Анна направилась в детскую. Поправила одеяло, сползшее со спящего Костика, и, подойдя к окну, вгляделась в пугающую пустоту темной улицы.

— Боже мой, где же Дина? — прошептала она.

* * *

Братья долго молчали. Когда Кирилл Васильевич начал говорить, в его голосе звучала укоризна:

— Ну к чему эти душераздирающие сцены, Лео? Не понимаю я, ты-то чего из себя выходишь? Меня, поэта, скажем, лишили голоса... поэтического слова. Я вынужден молчать, и для меня это трагедия! А ты... лишился чужих будуаров, возможности наслаждаться своей велеречивостью в салонах, играть в карты... Извини, Леопольд, но ты ведь никогда не занимался настоящим делом!
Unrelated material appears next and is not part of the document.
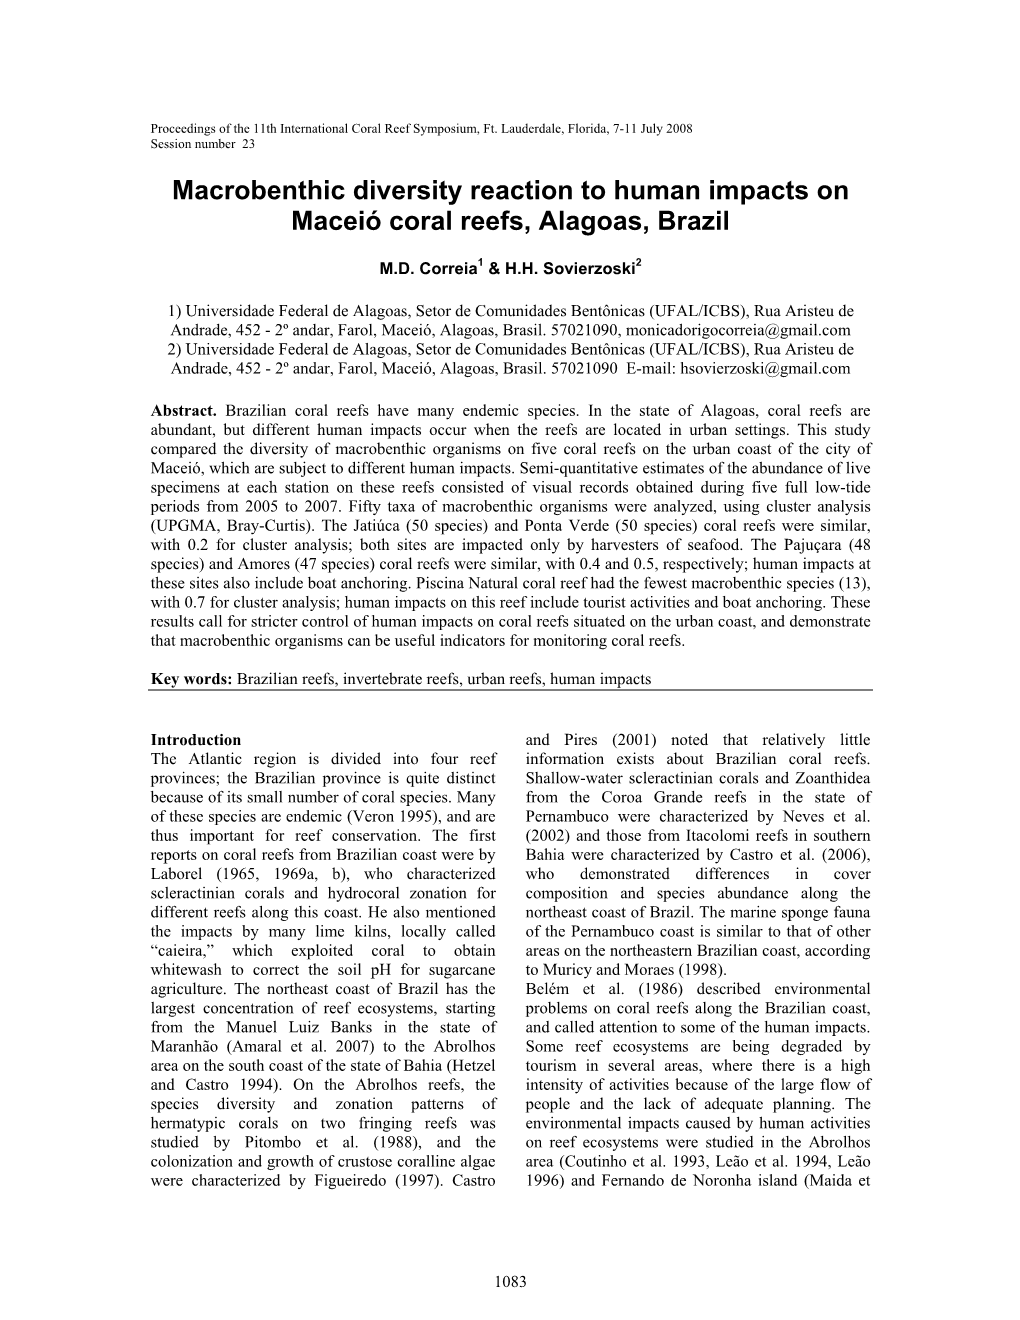 Macrobenthic Diversity Reaction to Human Impacts on Maceió Coral Reefs, Alagoas, Brazil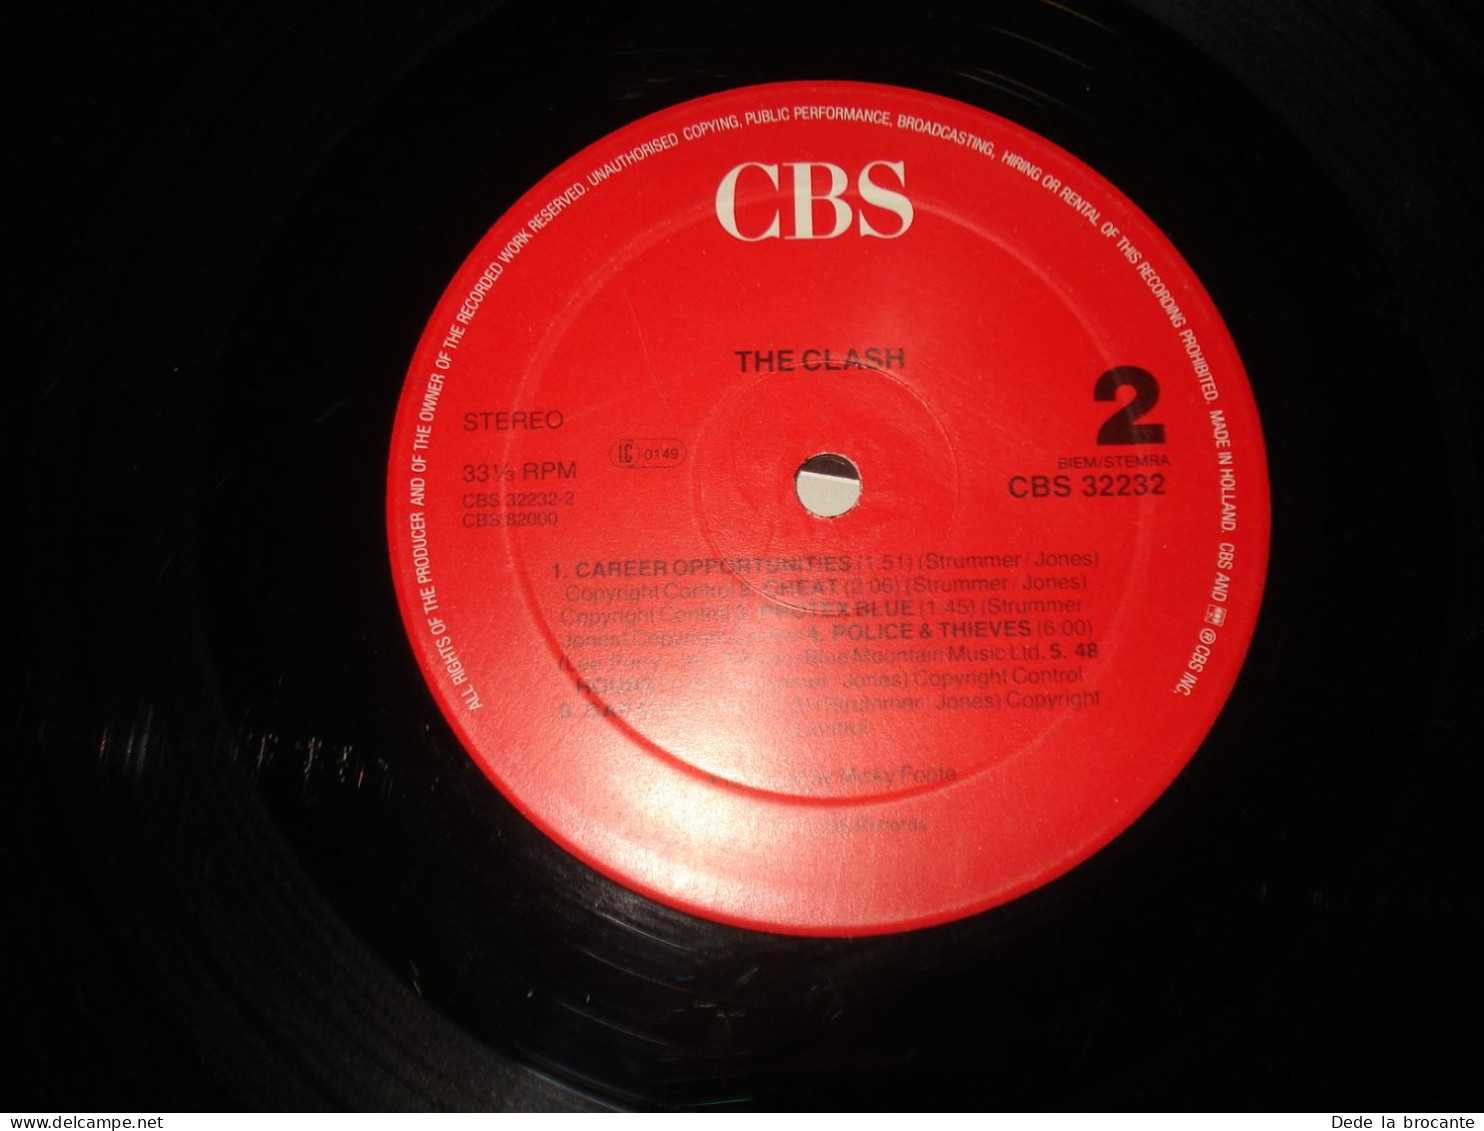 B12 / The Clash – CBS – CBS 32232 - Holland Europe 1982  VG+/M - Punk

— А ты, брат, тоже хорош! Нет, не она, а ты за ней... к черту на рога пойдешь! Что ж, я умываю руки. Вы со своей супругой, уверен, плохо кончите. Англичане, американцы, французы не отдадут Россию в руки черни! Вот об этом тебе стоило бы сочинить стихи, не то найдутся другие, обгонят. Сегодня твоя обожаемая супруга читала солдатне стихи. Знаешь, кто их автор?..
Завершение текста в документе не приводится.